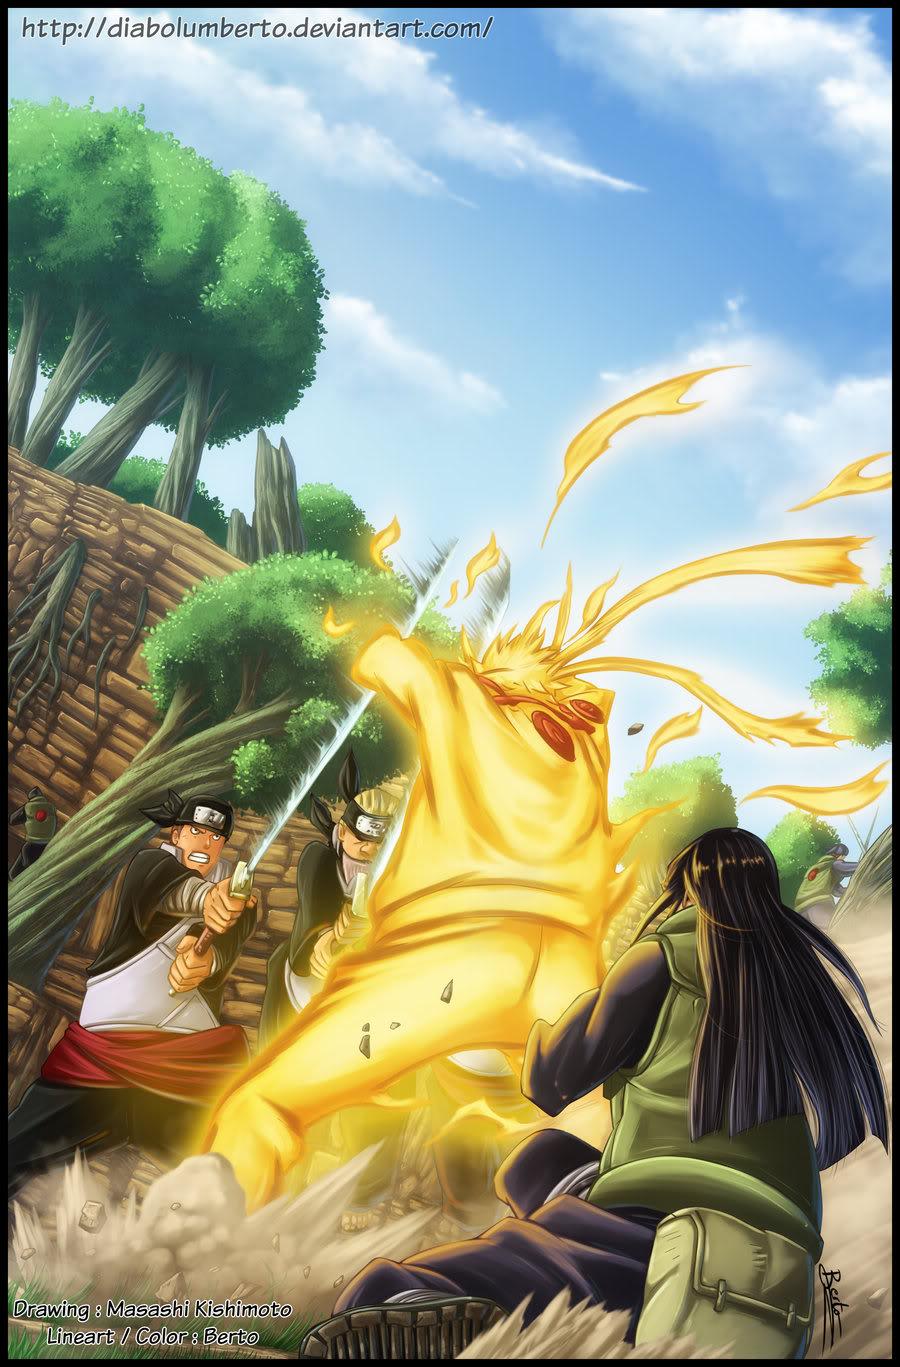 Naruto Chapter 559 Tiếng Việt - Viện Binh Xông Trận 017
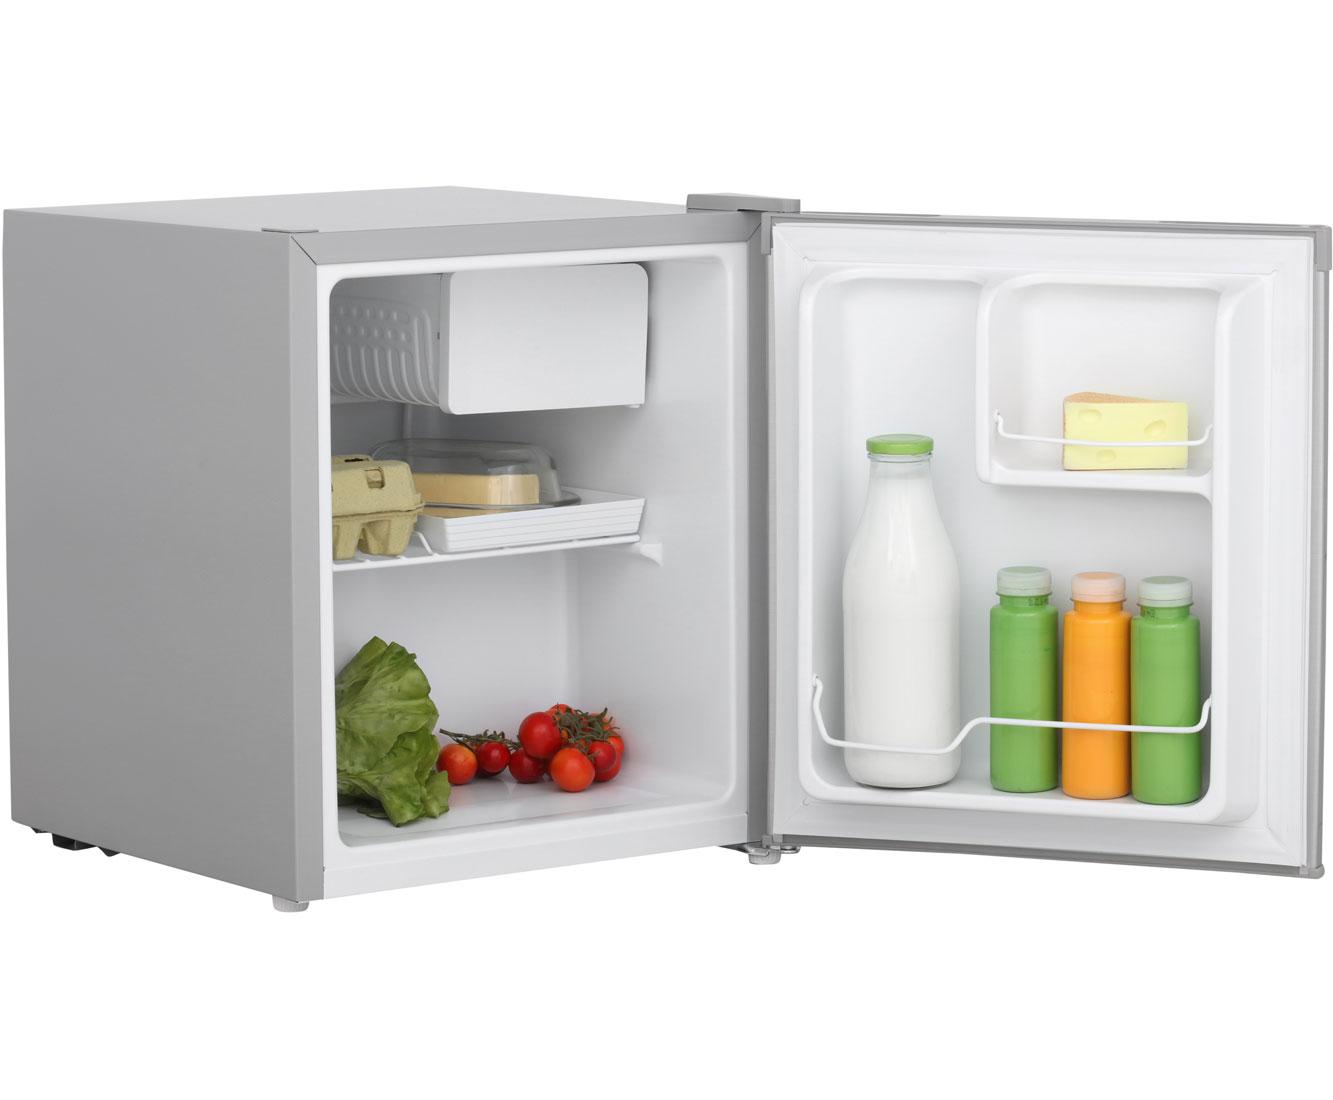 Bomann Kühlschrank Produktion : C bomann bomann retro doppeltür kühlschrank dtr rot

————

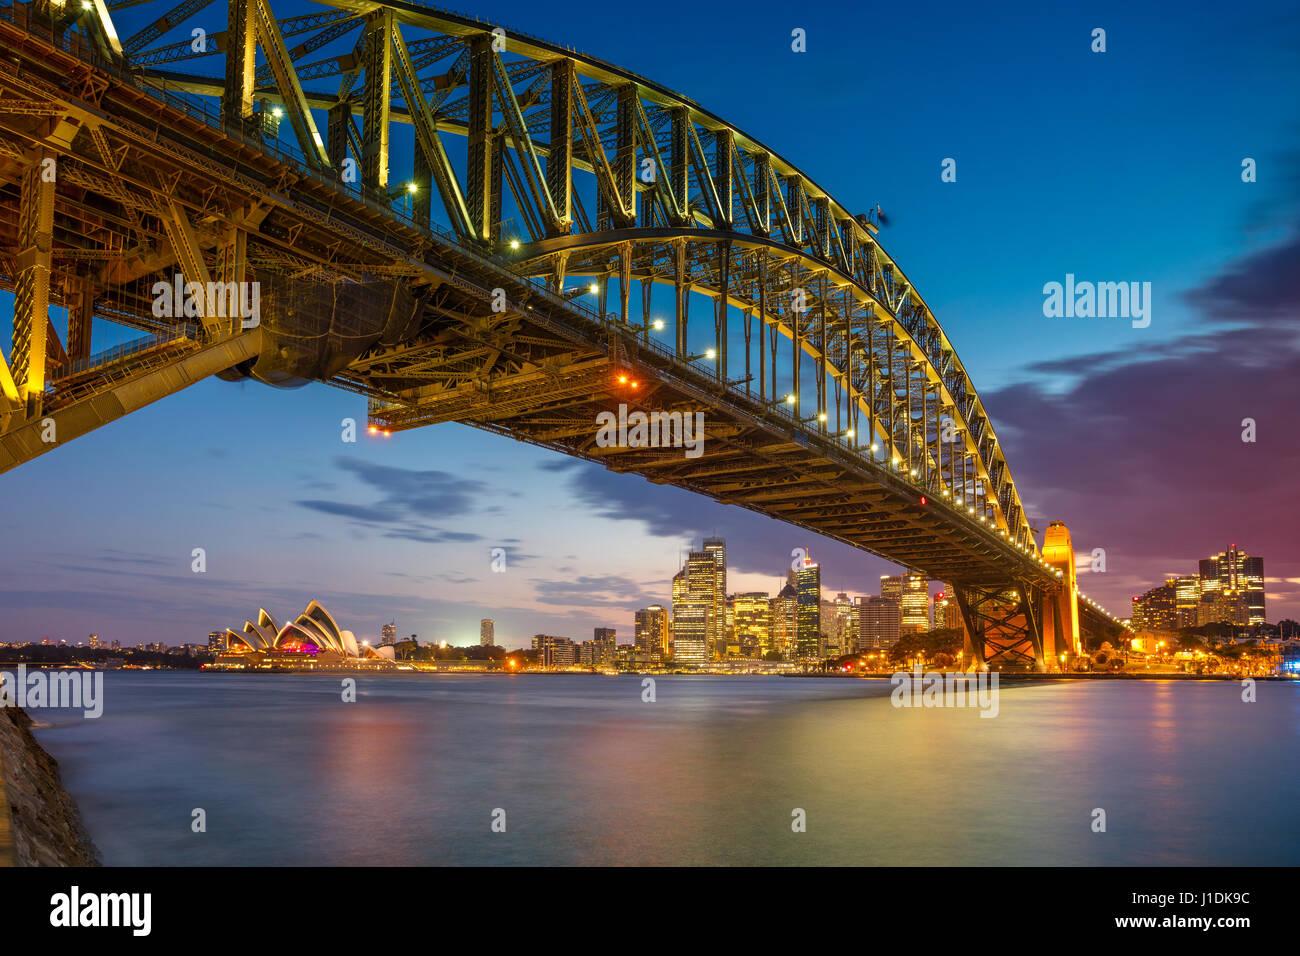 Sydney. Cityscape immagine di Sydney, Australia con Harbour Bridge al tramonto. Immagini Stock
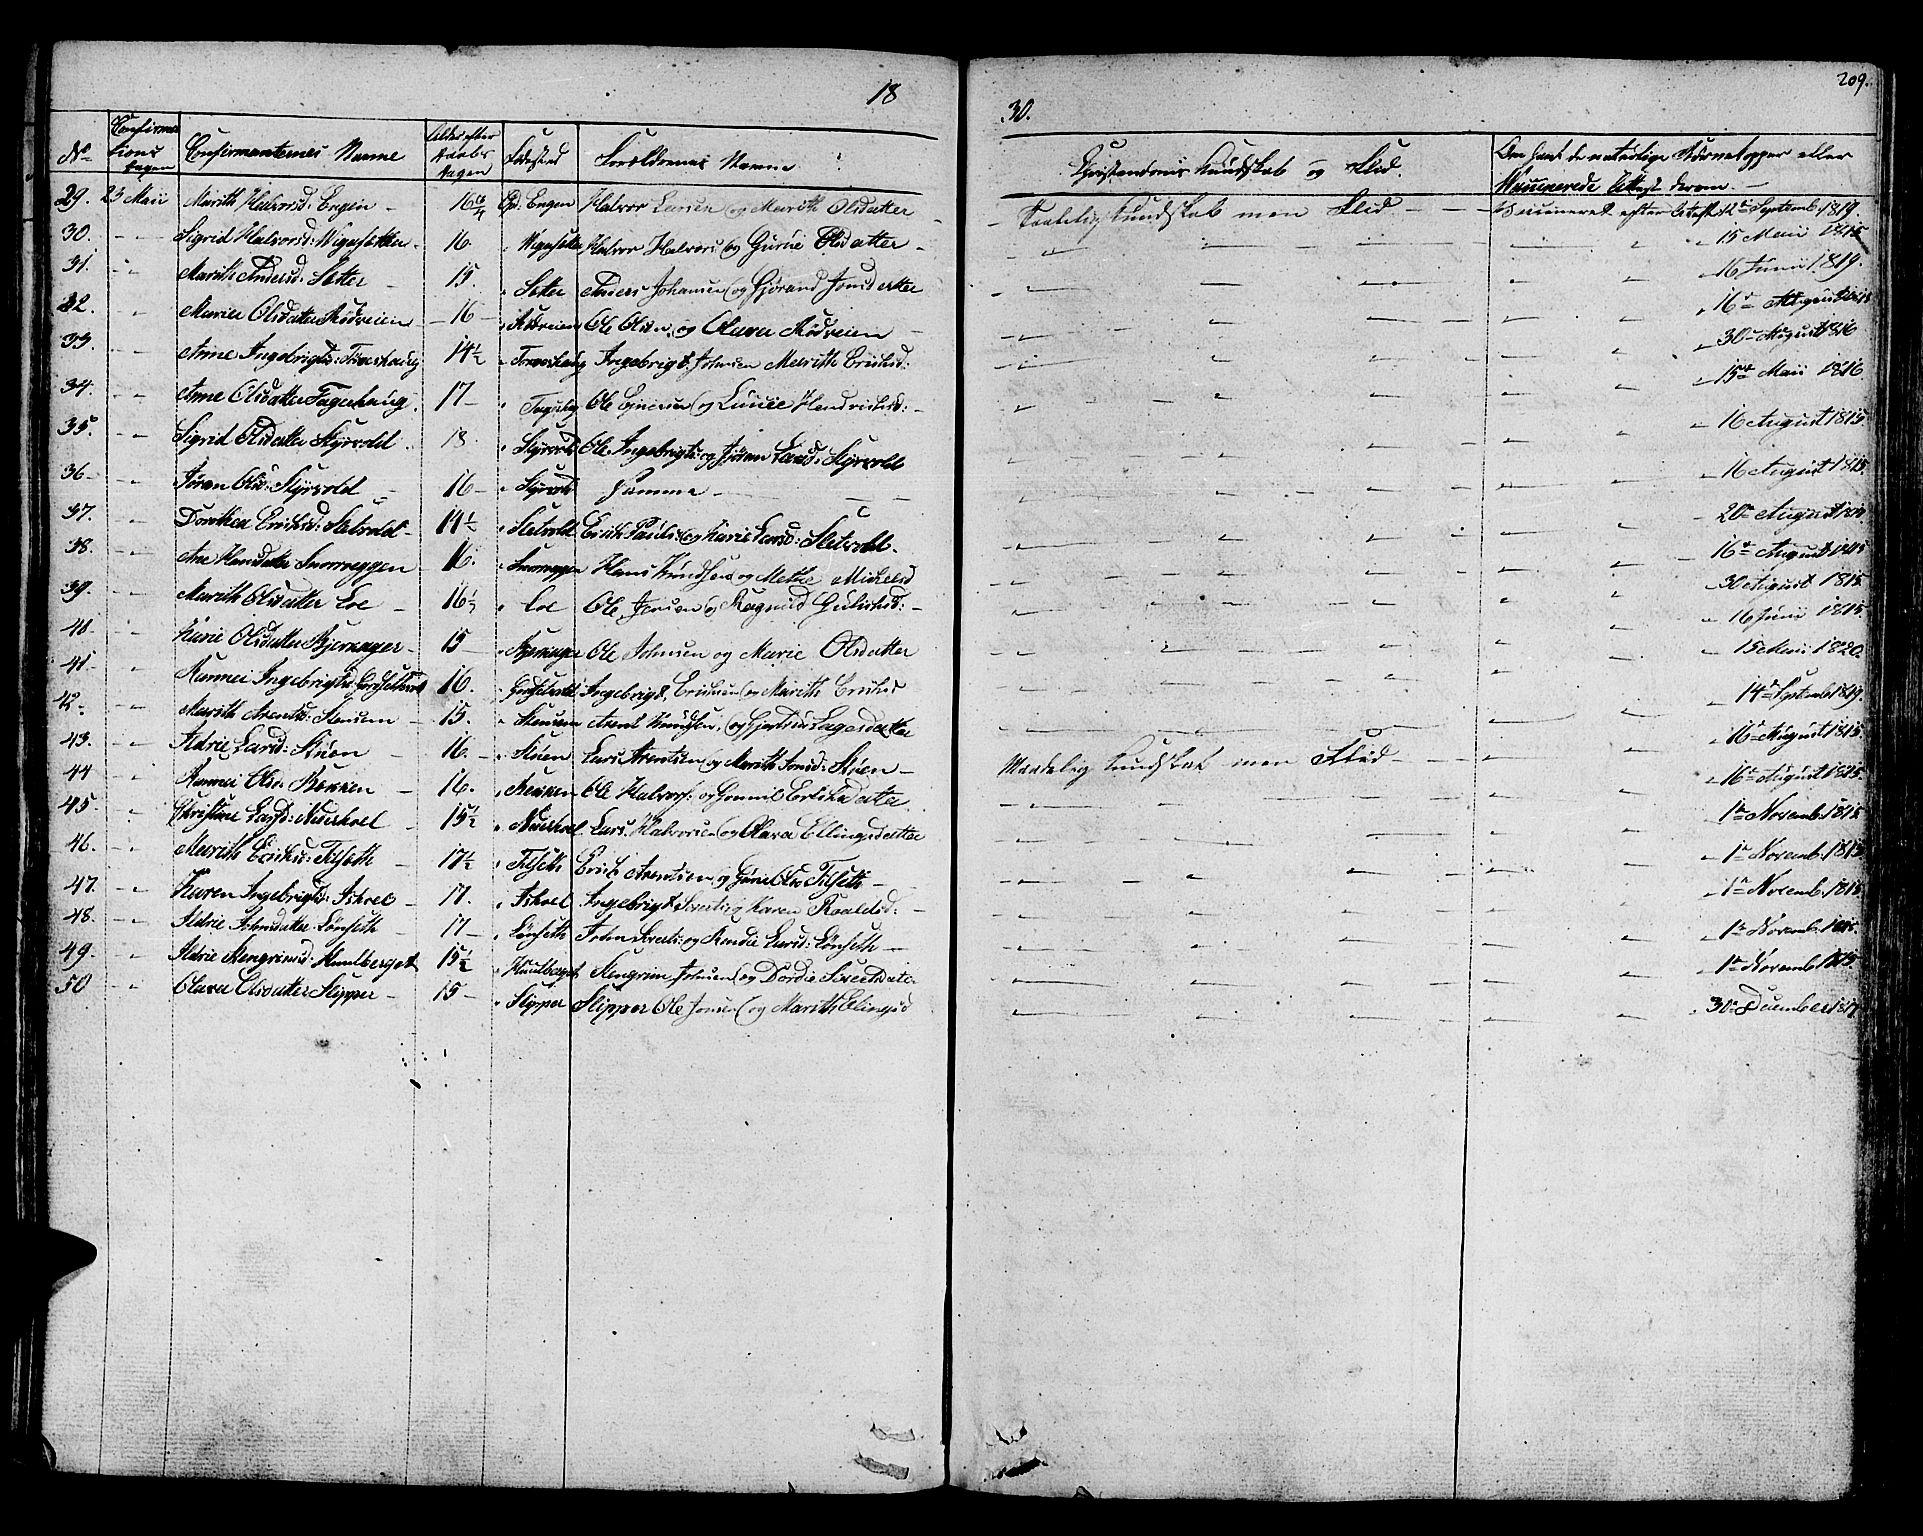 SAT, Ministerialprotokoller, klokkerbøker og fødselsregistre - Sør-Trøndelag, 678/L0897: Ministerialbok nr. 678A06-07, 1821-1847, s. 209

————

* HOW TO COMPLETE THIS TASK
Starting at the line with "Naruto Chapter 559" and finishing at the line with "Bomann Kühlschrank Produktion", copy the material above exactly, both lines included. Nothing else goes in, and no pictures.

* RESPONSE TO THE EXERCISE
 Naruto Chapter 559 Tiếng Việt - Viện Binh Xông Trận 017
 Bomann Kühlschrank Produktion : C bomann bomann retro doppeltür kühlschrank dtr rot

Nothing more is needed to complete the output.